DYLD_INSERT_LIBRARIES=$(clang --print-file-name=libclang_rt.asan_osx_dynamic.dylib) ASAN_OPTIONS=detect_leaks=1 node --test xxhash-addon.test.js

Key takeaways:

• If you see an error saying ASan Interceptor is loaded too late, set the env DYLD_INSERT_LIBRARIES. You need to use absolute path to your Node.js binary as well. Curious why? An interesting article.
• ASan doesn't detect mem-leak on macOS by default. You may want to turn this on with the env ASAN_OPTIONS=detect_leaks=1.

If you are debugging on Linux with GCC as your default compiler, here is a helpful oneliner:

$ LD_PRELOAD=$(gcc -print-file-name=libasan.so) LSAN_OPTIONS=suppressions=suppr.lsan DEBUG=1 node --test xxhash-addon.test.js

How to upgrade xxHash?

Everything should be set up already. Just pull from the release branch of xxHash.
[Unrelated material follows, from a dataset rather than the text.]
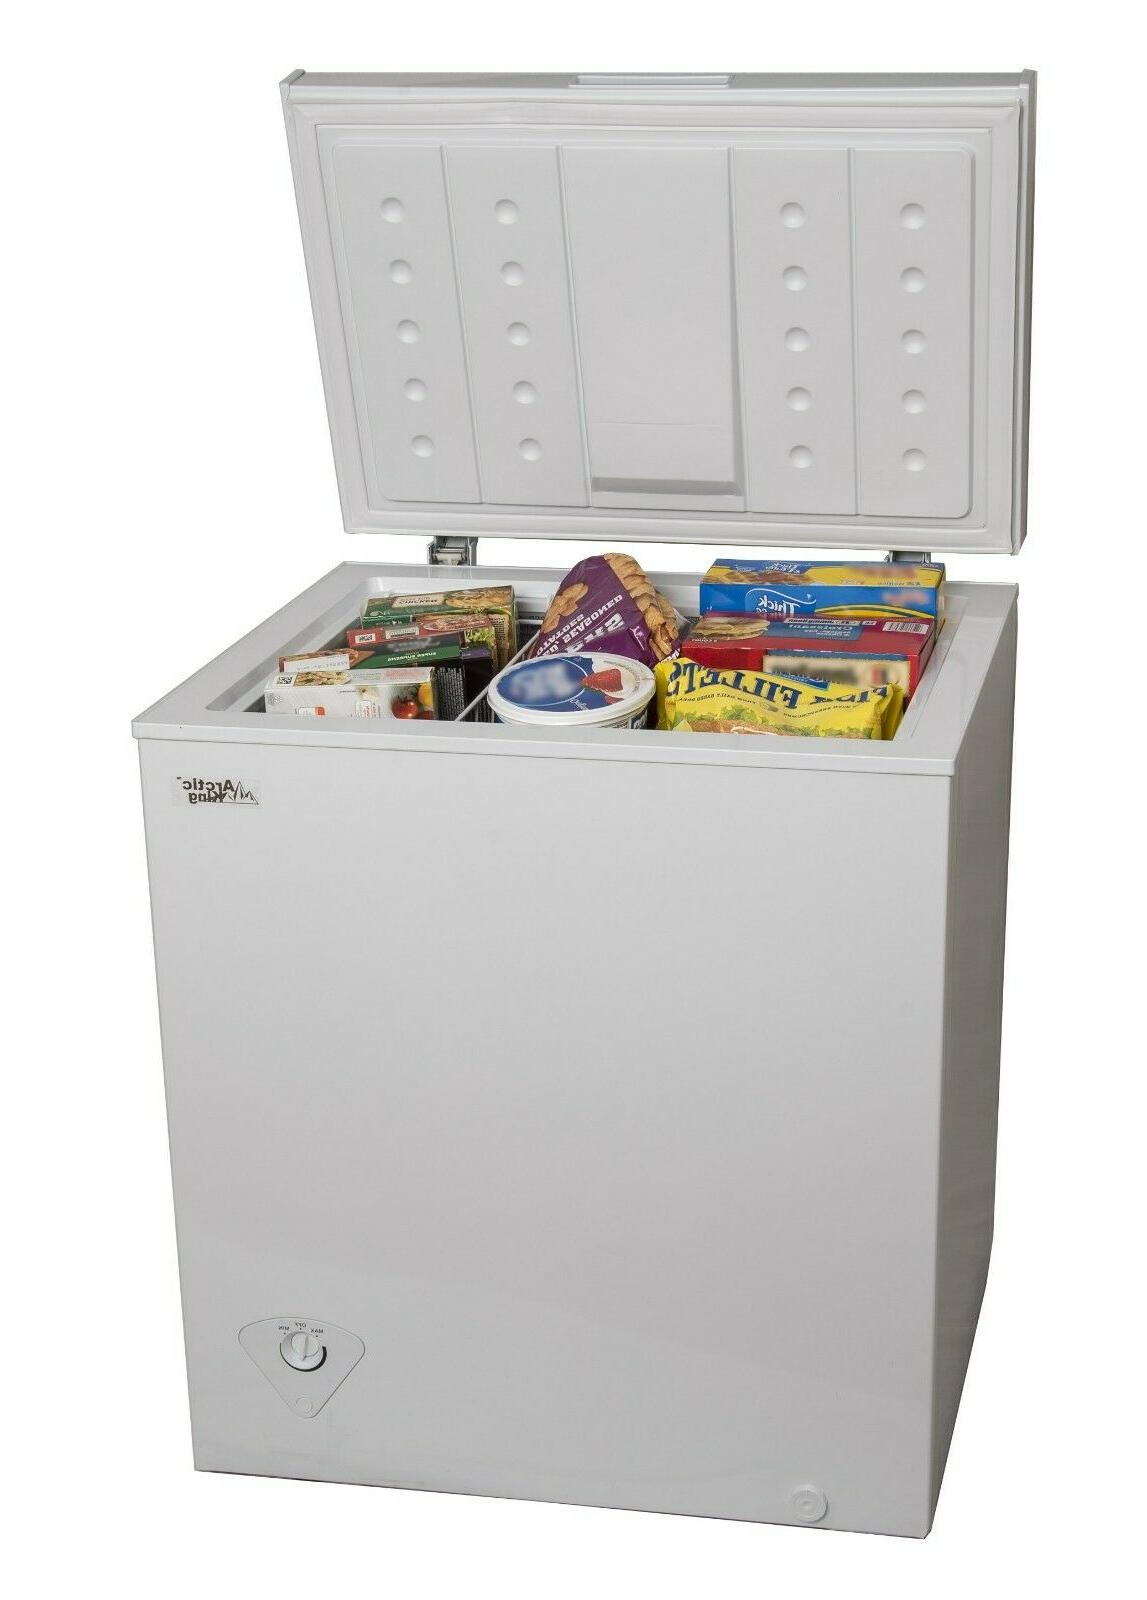 Capacity Chest Freezer Haier HF50CM23NW 5.0 cu White ft

git submodule update --remote
git status
git add xxHash
git commit -m "Bump xxHash to..."
git push origin your_name/upgrade_deps

API reference

Streaming Interface

export interface XXHash {
  update(data: Buffer): void;
  digest(): Buffer;
  reset(): void;
}

XXHash32

export class XXHash32 implements XXHash {
  constructor(seed: Buffer); // Buffer must be 4-byte long.
  update(data: Buffer): void;
  digest(): Buffer;
  reset(): void;
  static hash(data: Buffer): Buffer; // One-shot with default seed (zero).
}

XXHash64

export class XXHash64 implements XXHash {
  constructor(seed: Buffer); // Buffer must be 4- or 8-byte long.
  update(data: Buffer): void;
  digest(): Buffer;
  reset(): void;
  static hash(data: Buffer): Buffer; // One-shot with default seed (zero).
}

XXHash3

export class XXHash3 implements XXHash {
  constructor(seed_or_secret: Buffer); // For using seed: Buffer must be 4- or 8-byte long; for using secret: must be at least 136-byte long.
  update(data: Buffer): void;
  digest(): Buffer;
  reset(): void;
  static hash(data: Buffer): Buffer; // One-shot with default seed (zero).
}

XXHash128

export class XXHash128 implements XXHash {
  constructor(seed_or_secret: Buffer); // For using seed: Buffer must be 4- or 8-byte long; for using secret: must be at least 136-byte long.
  update(data: Buffer): void;
  digest(): Buffer;
  reset(): void;
  static hash(data: Buffer): Buffer; // One-shot with default seed (zero).
}

Licence

The project is licensed under BSD-2-Clause.